A pílula de ontem lembrou que a burguesia é a única classe dominante da história que fez do trabalho virtude. Mas faltou dizer que ela também é a primeira que também trabalha. Claro que trabalha explorando o esforço alheio, mas nunca entregou-se ao completo ócio como suas antecessoras.
Há, porém, outra característica que diferencia a burguesia de suas congêneres anteriores: a acirrada competição entre seus membros e setores.
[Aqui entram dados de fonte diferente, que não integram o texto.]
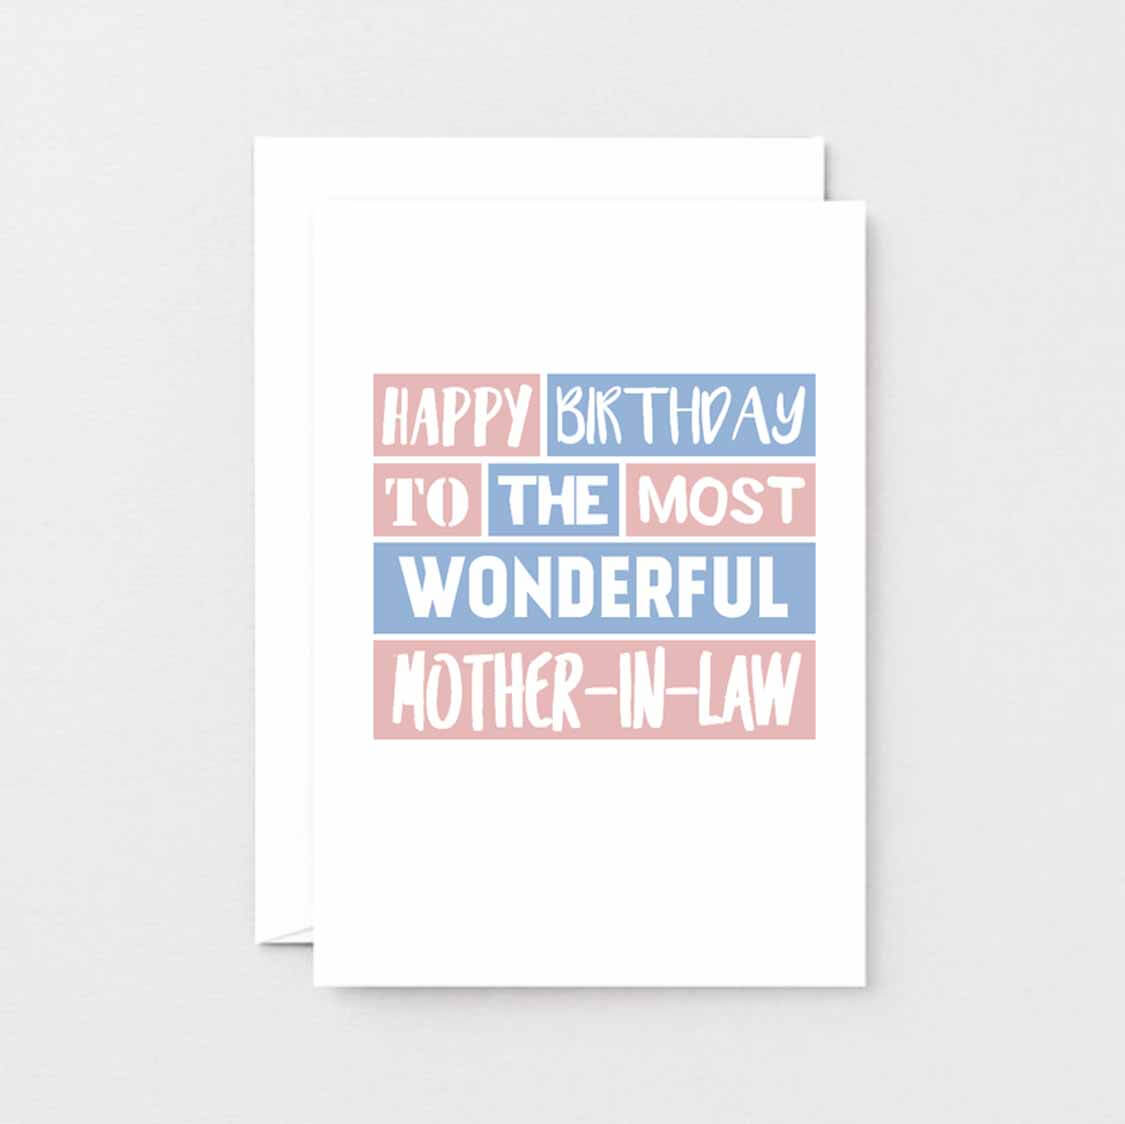 Mother-in-Law Birthday Card by SixElevenCreations. Reads Happy birthday to the most wonderful mother-in-law. Product Code SE0204A6

Sim, os reis, imperadores e outros poderosos travaram grandes guerras entre si por territórios e riquezas no passado. Mas no caso da burguesia, a competição é intrínseca ao sistema e o reforça, levando à criação de imensos e poderosos monopólios. Com isso alimenta a ilusão de que cada pessoa pode se elevar por cima da massa para se tornar também ela toda poderosa. Seriam suficientes alguns lances espertos temperados com sorte para chegar lá.
Basta uma grande ideia para um negócio, um serviço diferenciado, uma startup inovadora e até jogos de azar. Antes eram as casas lotéricas e os caça-níqueis nos bares. Agora, a fortuna também está ao alcance dos dedos nas “bets” eletrônicas.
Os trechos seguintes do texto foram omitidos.